As a UK citizen I use GBP because there is no alternative. Trust does not enter the matter, and in fact my personal trust in both our commercial banks and central bank is low and falling.
FS > Everything that I've argued, I've done so with capitalism in mind. I can't comment on ancient civilizations.
I have to guess what you mean by “capitalism” but in so far as it could be argued there are very specific genuine problems associated with “capitalism” I judge they were present and indeed worse within Roman banking regulations. Thus this comment just does not make sense to me
FS > Of course, the domain of reality and that of observation and explanation are interrelated, but I don't think they can be reduced from one to the other.

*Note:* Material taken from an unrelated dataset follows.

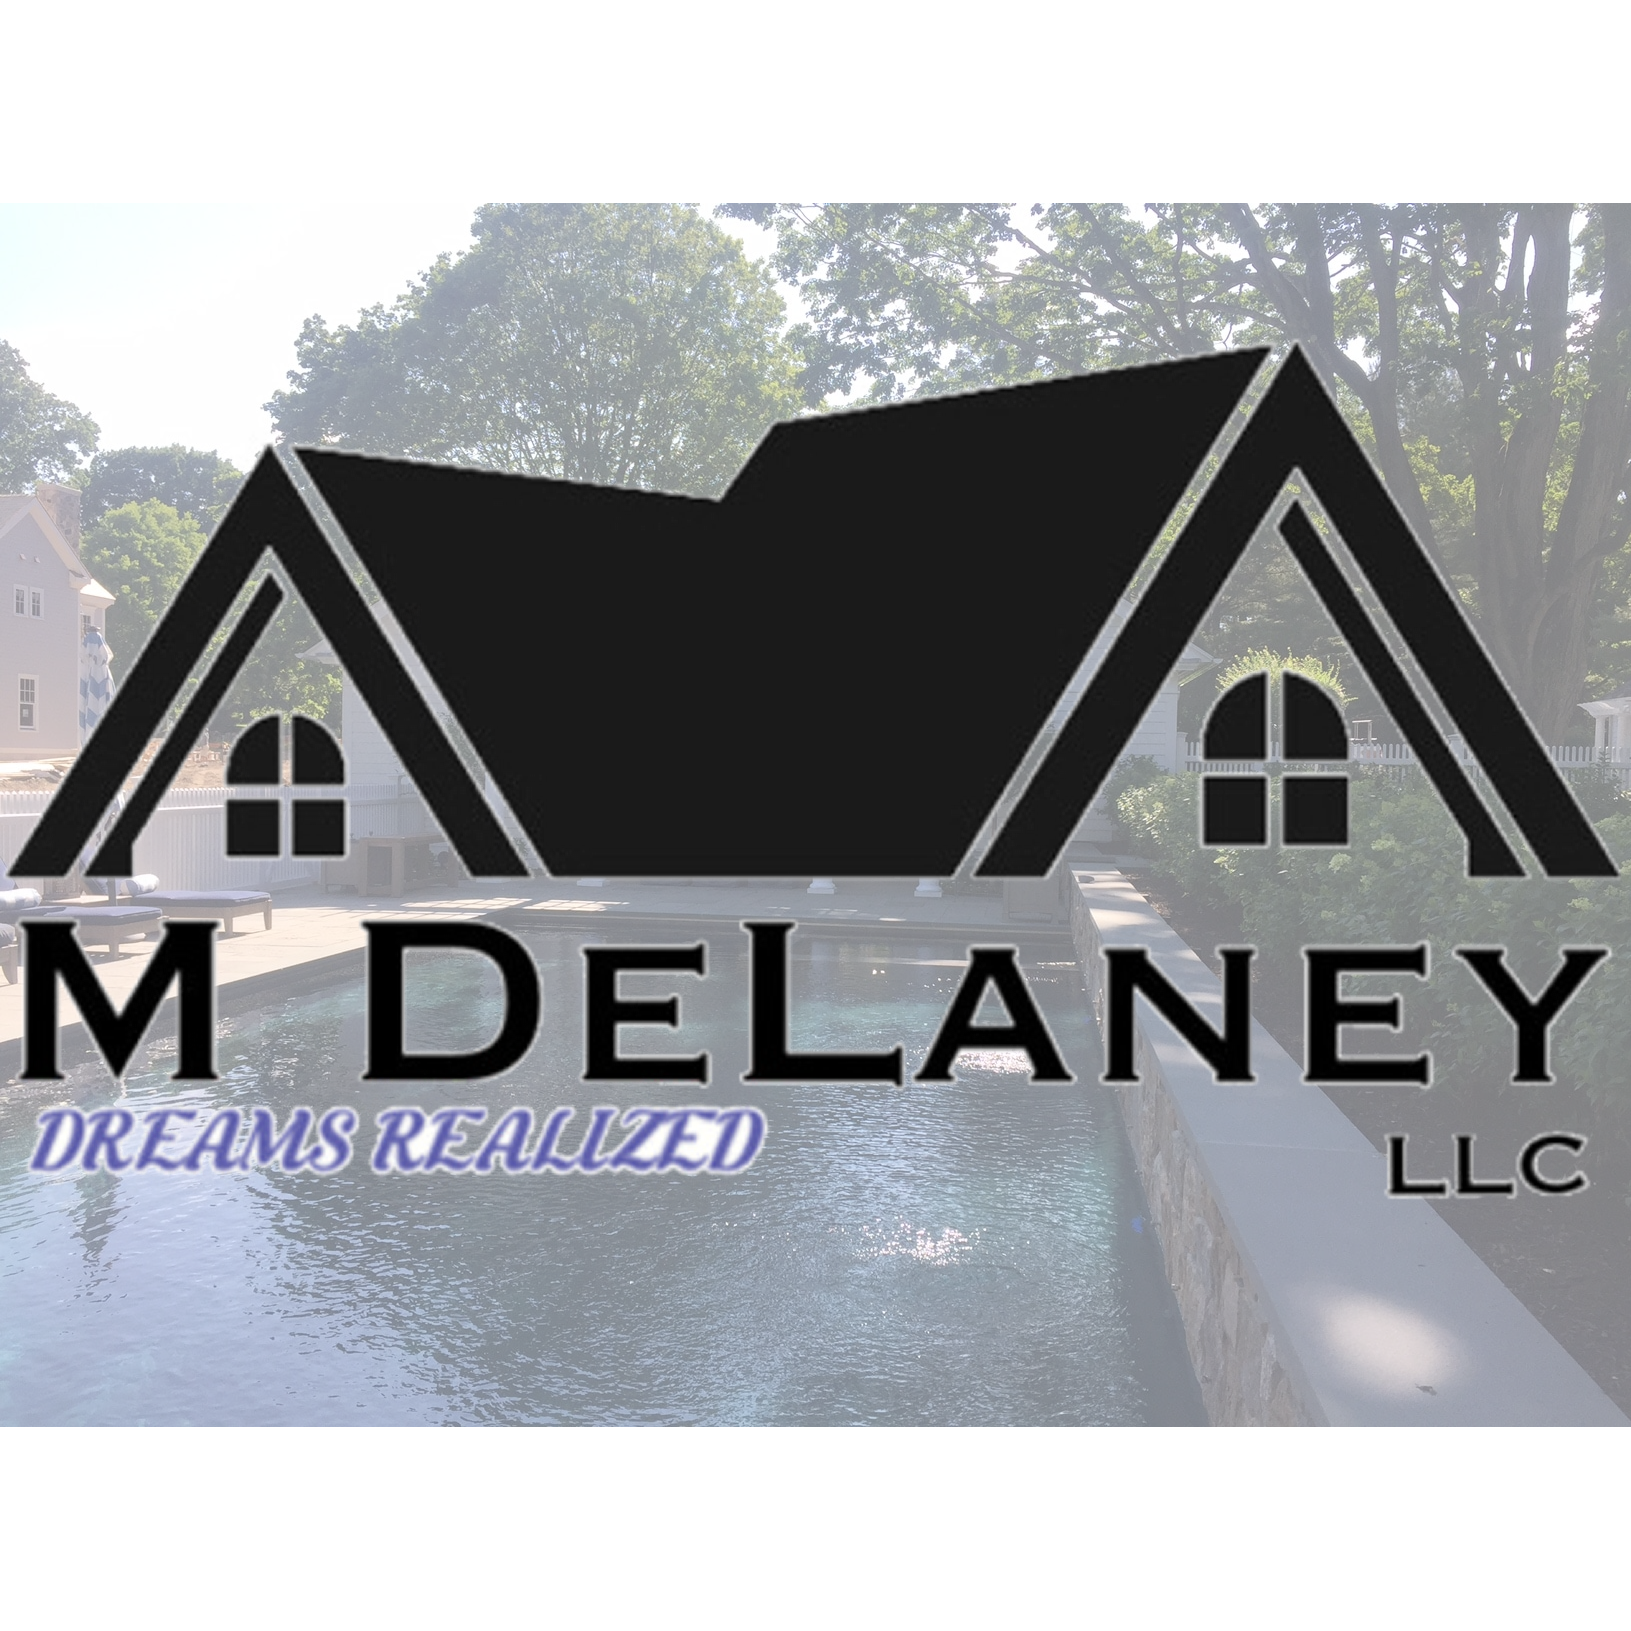 M. DeLaney, LLC.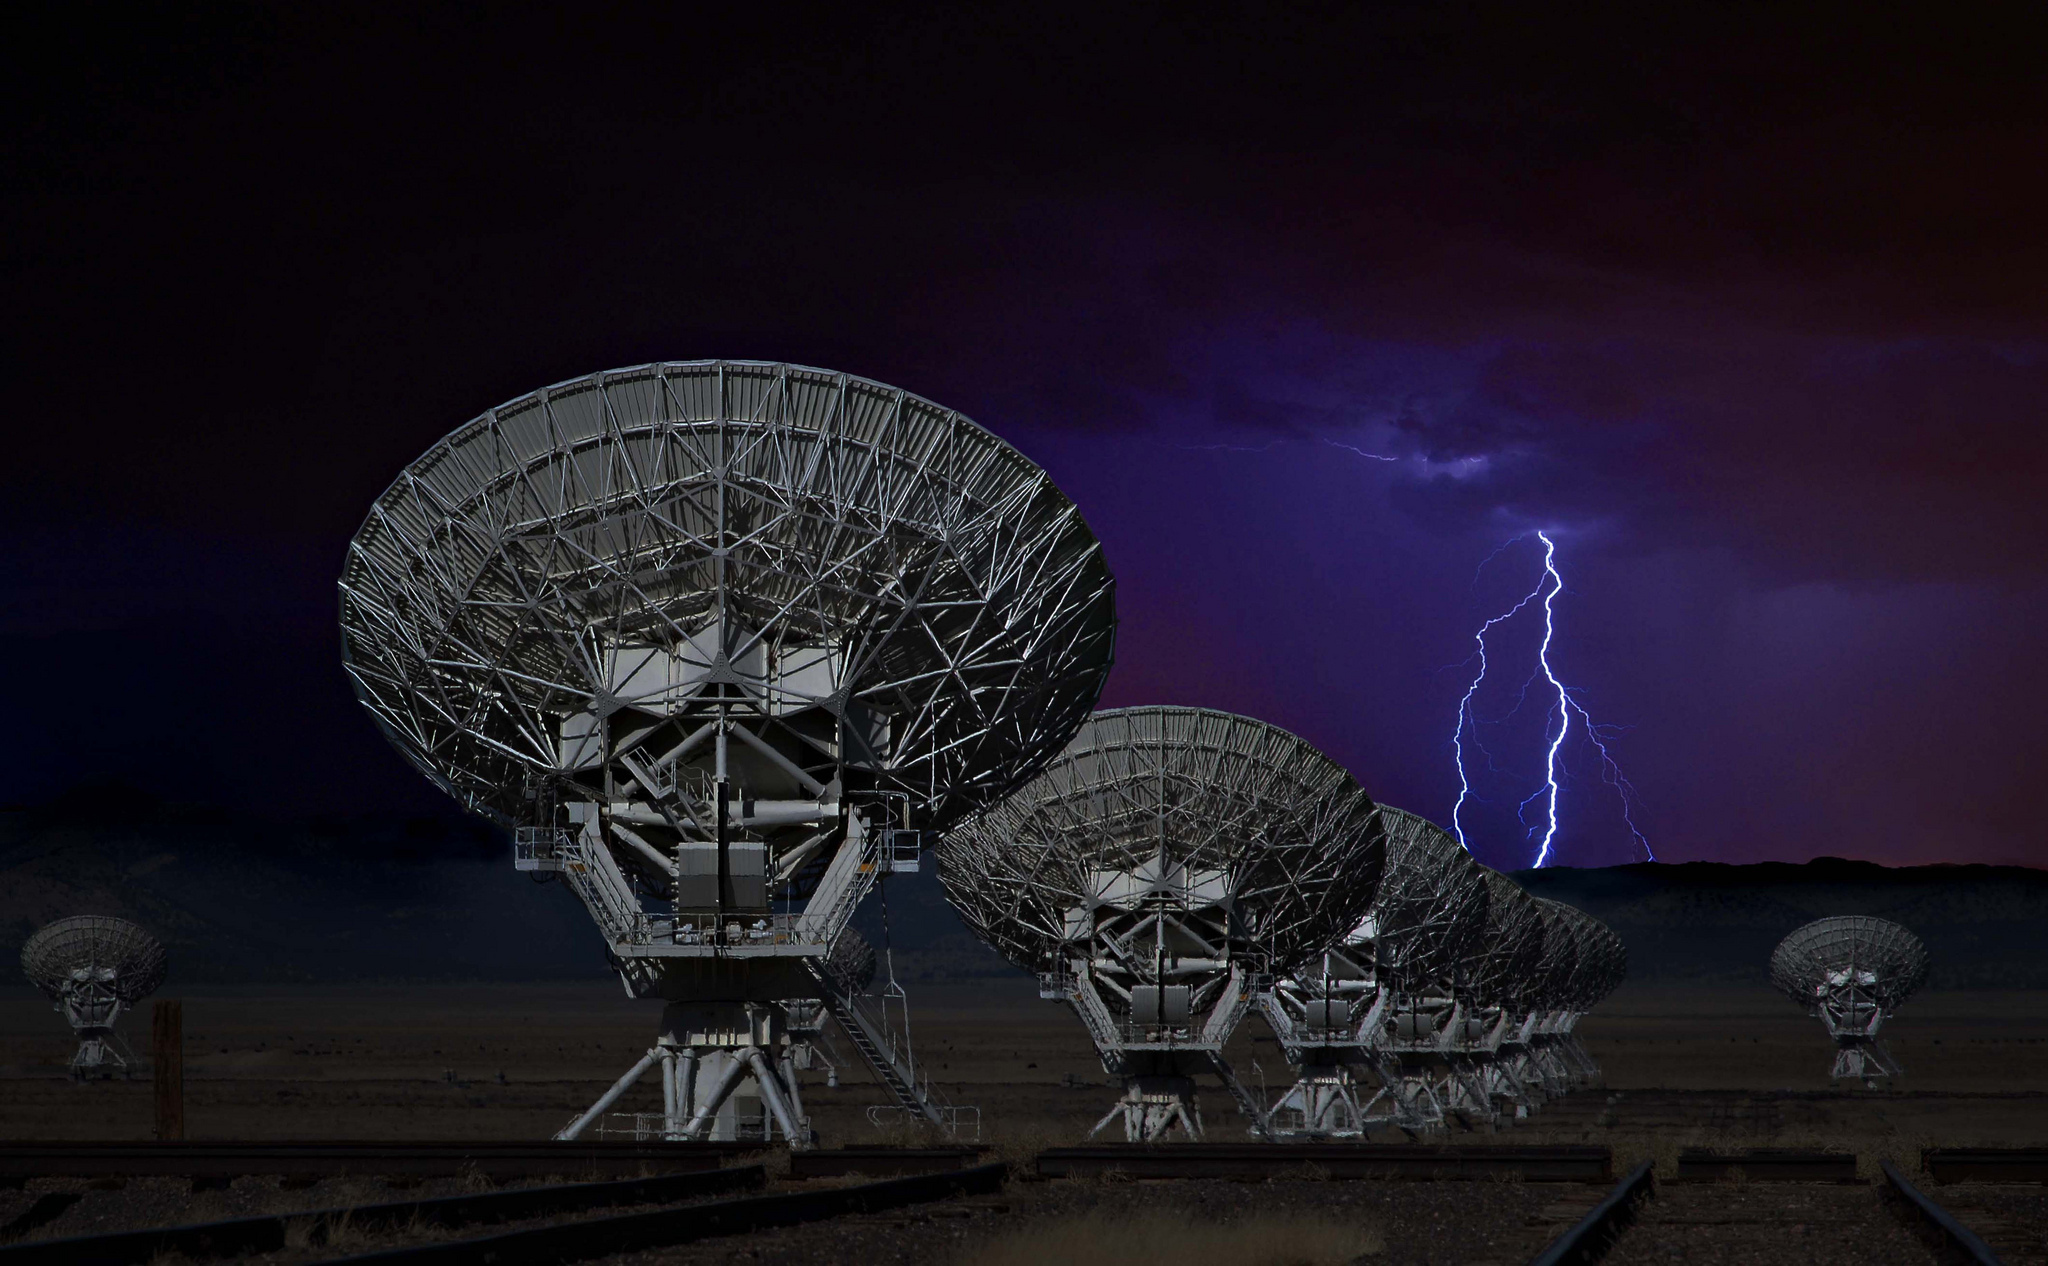 New mexico the sky lightning technology antenna the radio 2048x1266

The correct relationship of reality to observations has been very actively debated since the days of Democritus and Plato, and many eminent commentators have congratulated Democritus on keeping the two close, and noticed that his position tends to coincide with democratic instincts. You are not the first to argue that parting the domains of observation and explanation gives grounds to ignore history altogether, but I do not recall seeing it done quite so briskly before.
I quote the opening paragraph of “The Thousand and One Nights” (Burton edition)
“Verily the works and words of those gone before us have become instances and examples to men of our modern day, that folk may view what admonishing chances befel other folk and may therefrom take warning; and that they may peruse the annals of antique peoples and all that hath betided them, and be thereby ruled and restrained”
Perhaps the medieval writers of Islamic fairy tales give valuable epistemological advice to modern economic thought?